Anode effect

The anode effectiveness is only as good as the anode connection and loss of insulation at this point by deep pitting of the HSI or penetration of the anode cable seal will bring about rapid failure. Hydrostatic pressure should be borne in mind when considering the seal required for any depth of water. The useful life of HSI anodes is usually considered at an end after a 33% reduction in diameter, but this depends upon the original diameter, the amount of pitting sustained and the mechanical stresses to be withstood. Thus doubling the cross-sectional area may more than double the effective life of the anode. 

Current due to the anode effect The potential of the earth near the ground-bed of a cathodic-protection system becomes more positive as the groundbed is approached (see Fig. 10.7, p. 10 10). A structure buried near the ground-bed will pick up current due to this variation in the soil potential and current will flow in the structure in each direction away from a point close to the groundbed (Fig. 10.39). The upper curve AGA in Fig. 10.39 shows how the current in the unprotected structure changes owing to the anode effect. 

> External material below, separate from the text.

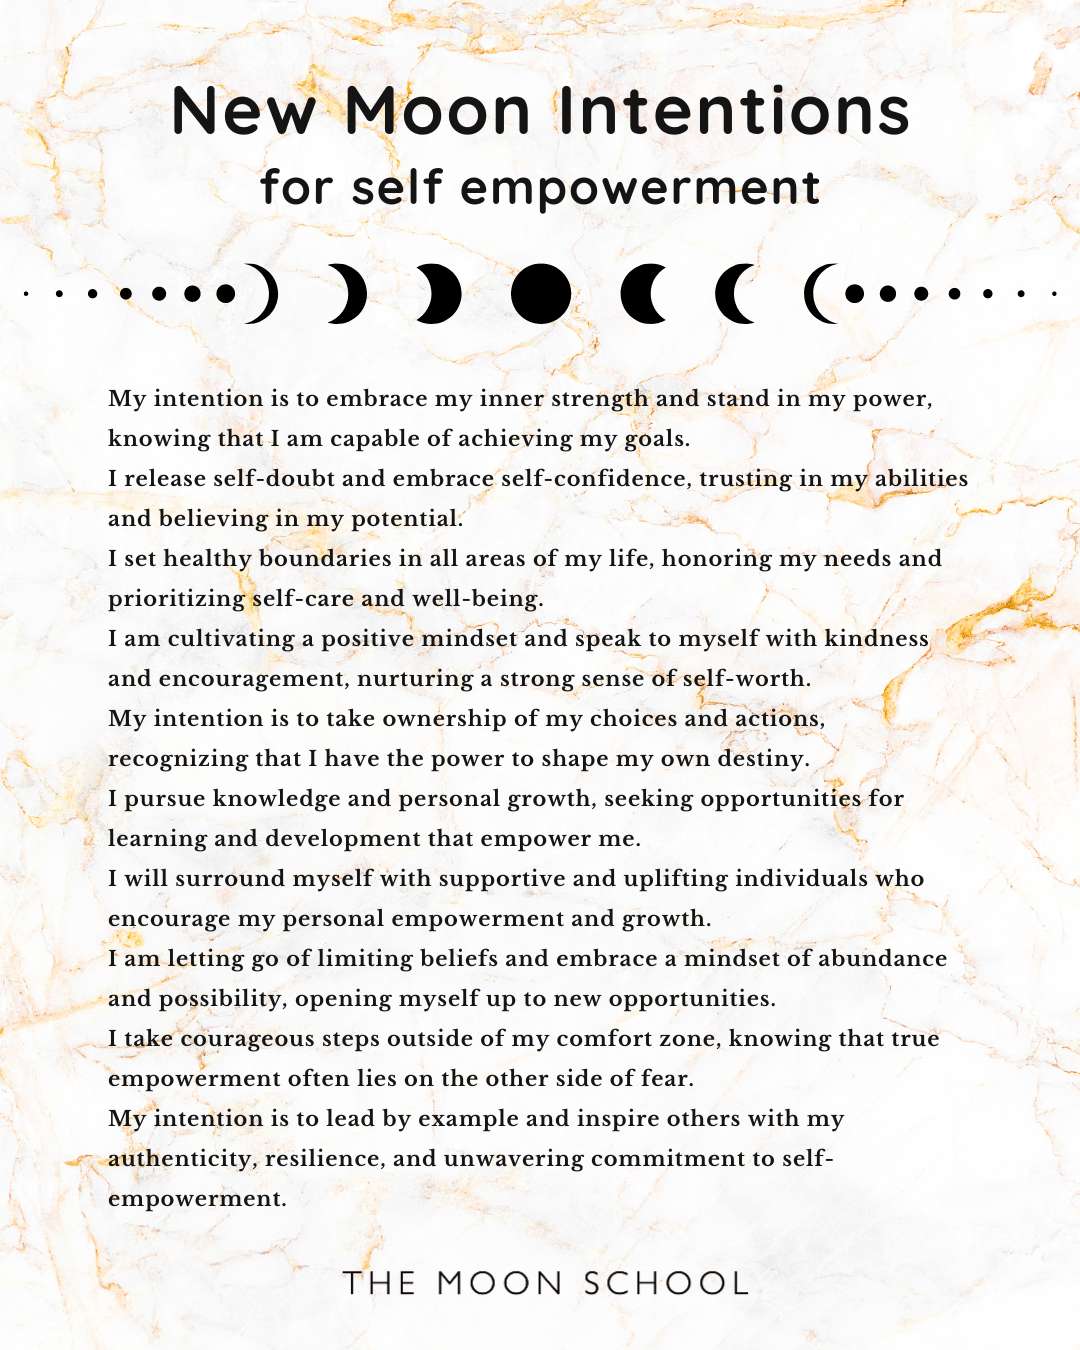 List of New Moon intentions for self empowerment

A number of methods may be used to reduce the interaction on neighbouring structures. In some circumstances it may be practicable to reduce the current output applied to the protected structure or to resite the ground-bed so that the anode effect on an unprotected pipe or cable is altered as required. The physical separation between the groundbed and nearby buried structures can be increased by installing anodes at the bottom of deep-driven shafts and substantial improvements can be made using this technique. 

Although the geometry of buried structures cannot be altered the groundbed can be placed so that the anode effect and the structure effect on the unprotected structure tend to balance each other.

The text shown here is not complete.